## Task objective
Your copy of the listing should match it exactly, only without pictures.

## Given data

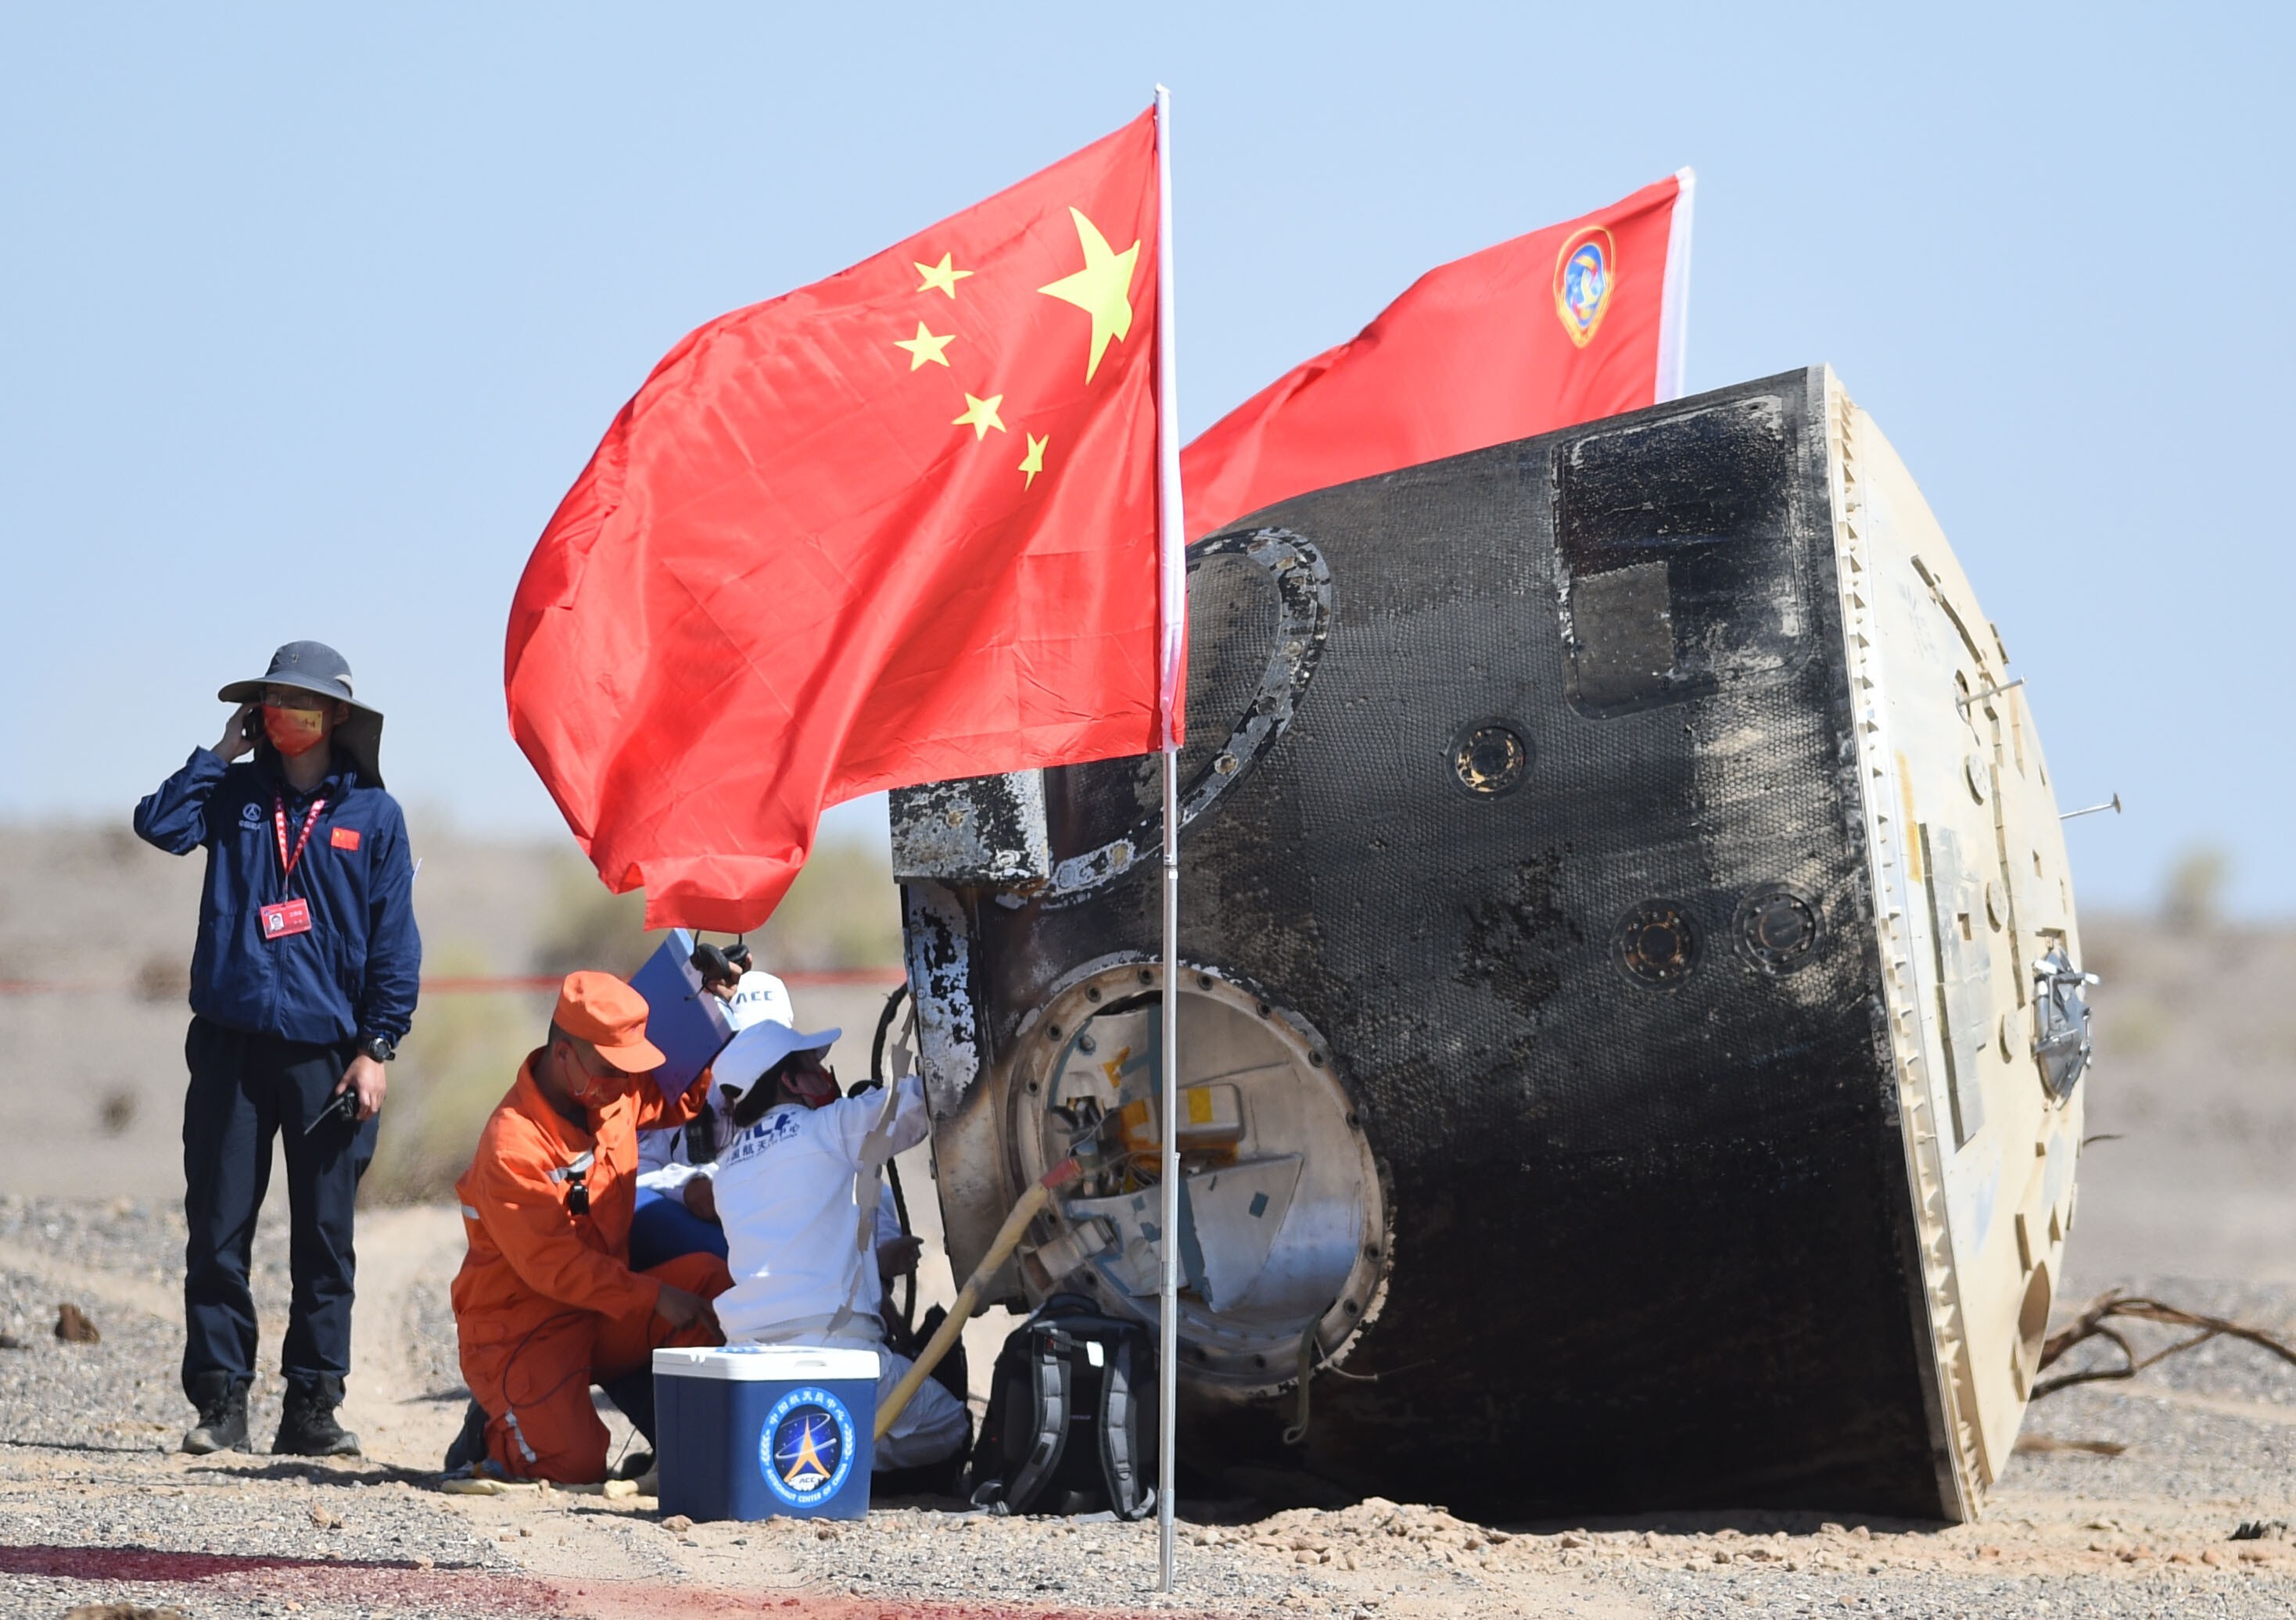 The space capsule’s return to Earth was broadcast throughout China. Photo: Xinhua
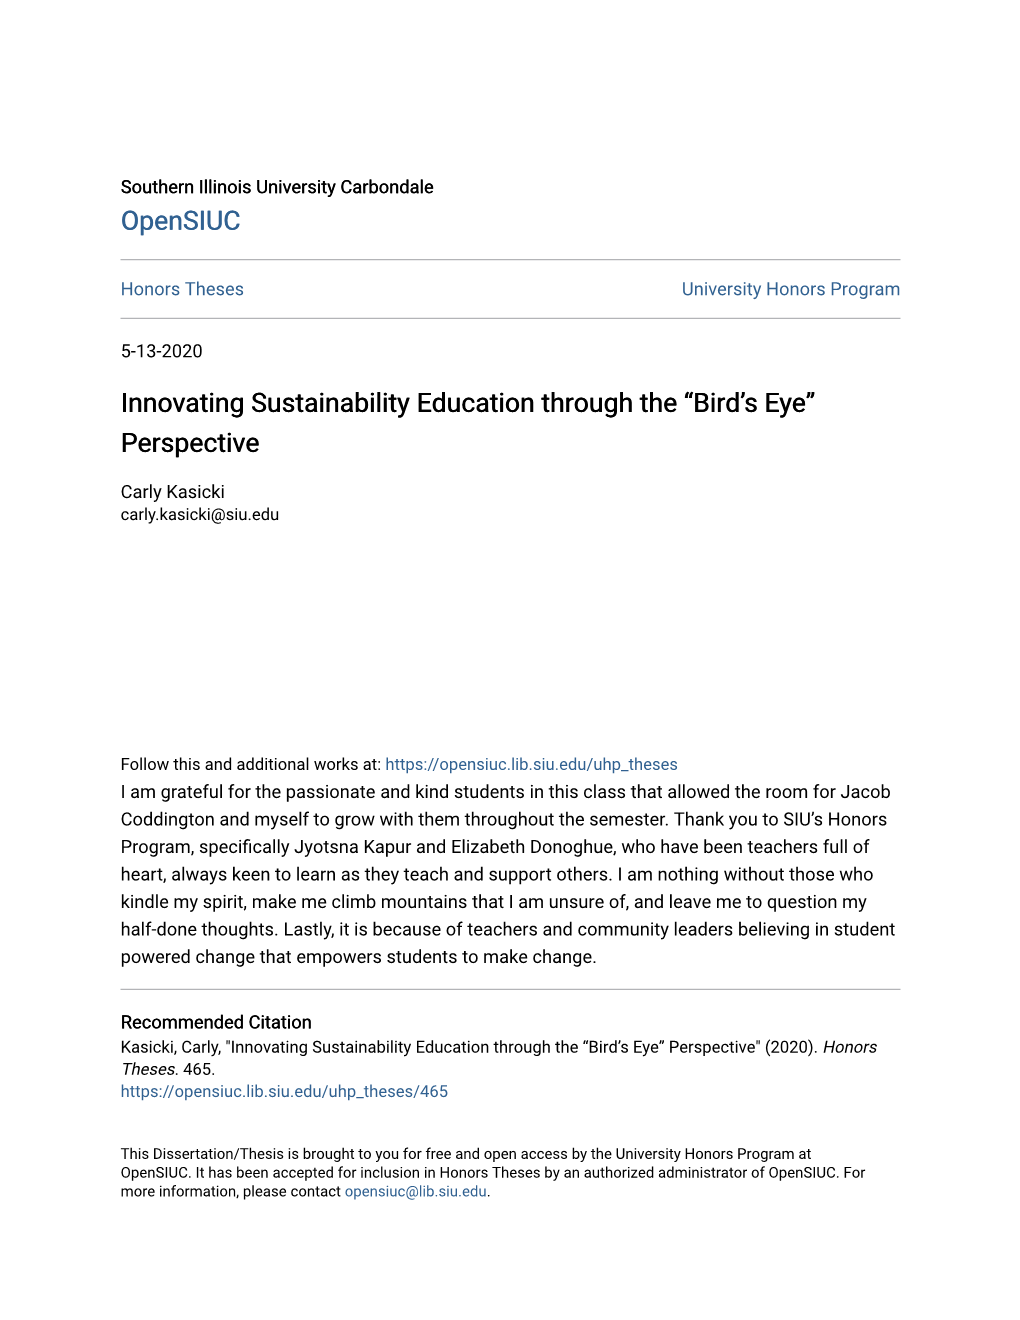 Innovating Sustainability Education Through the “Bird’S Eye” Perspective
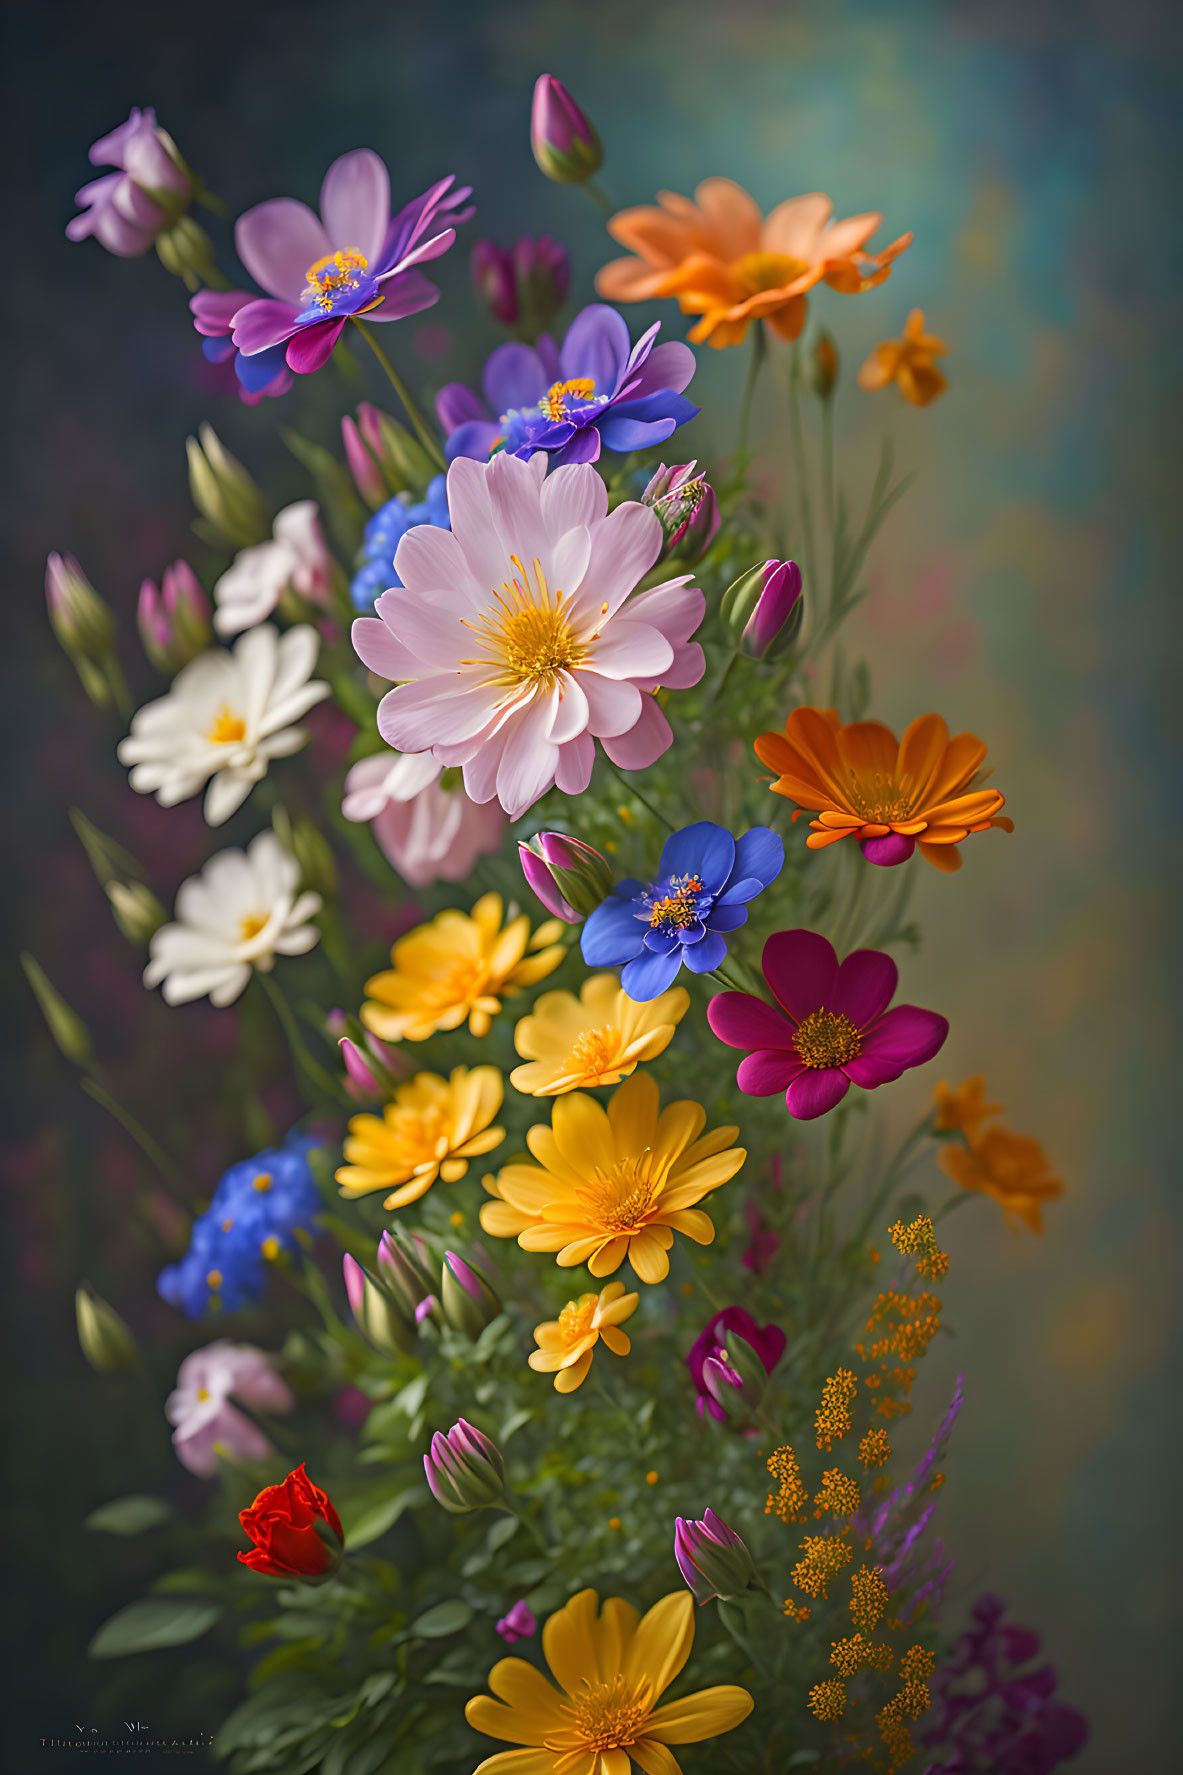 Flowers of various types and colors
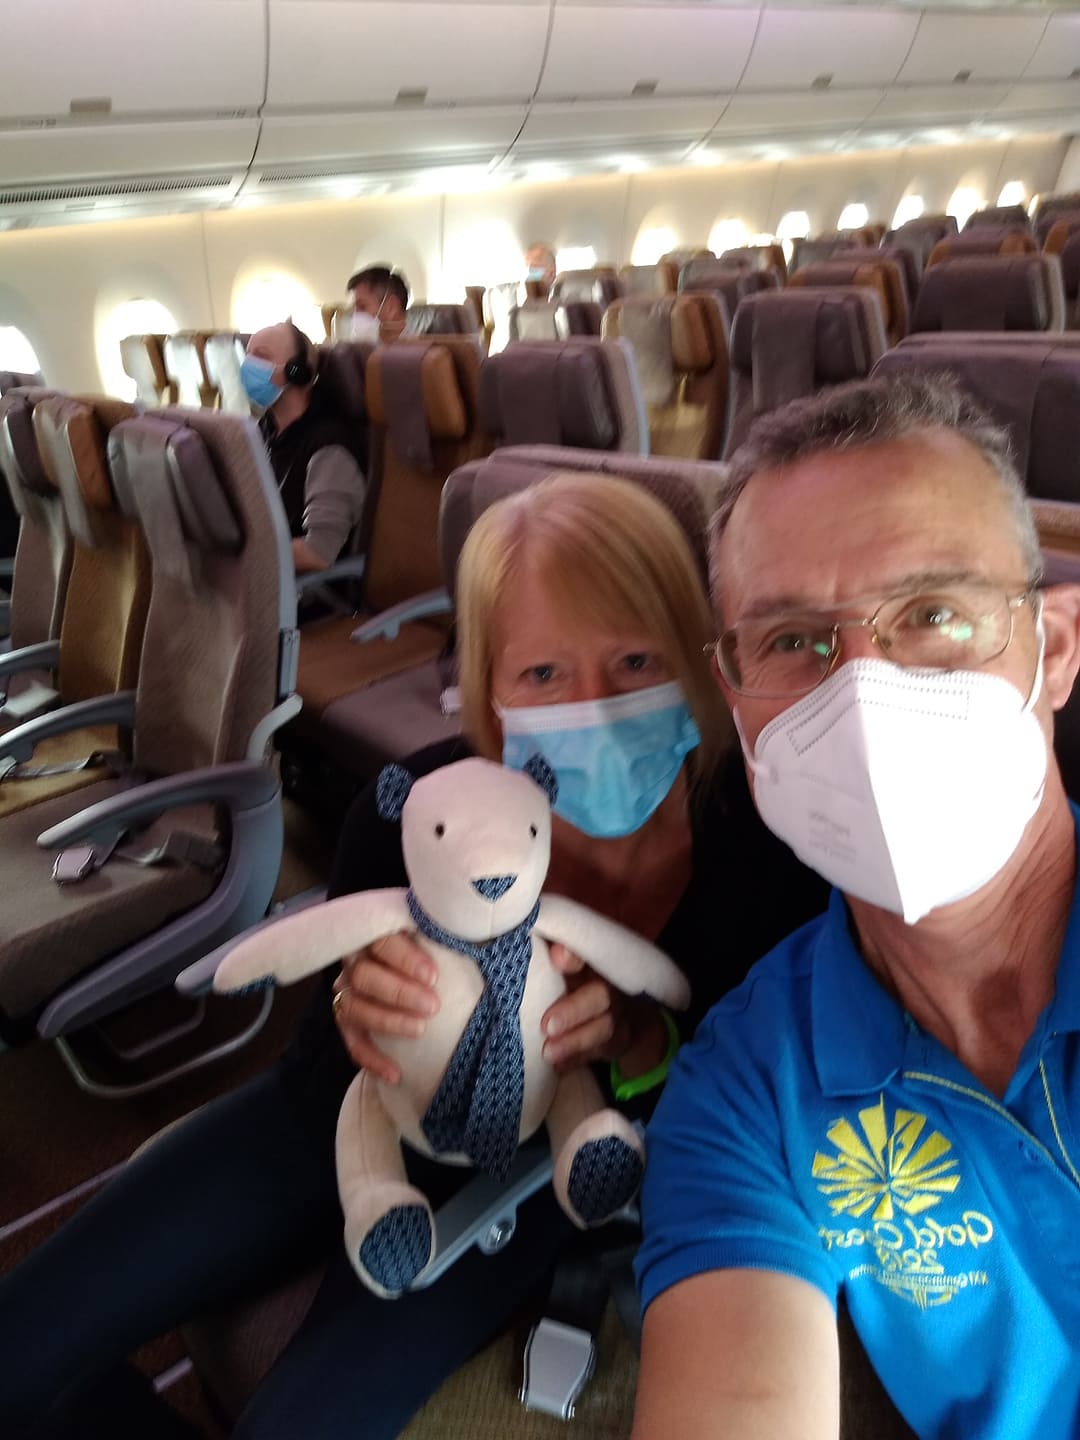 man and woman on plane with a teddy bear

## Solved exercise
 The space capsule’s return to Earth was broadcast throughout China. Photo: Xinhua
 Innovating Sustainability Education Through the “Bird’S Eye” Perspective
 Flowers of various types and colors
 man and woman on plane with a teddy bear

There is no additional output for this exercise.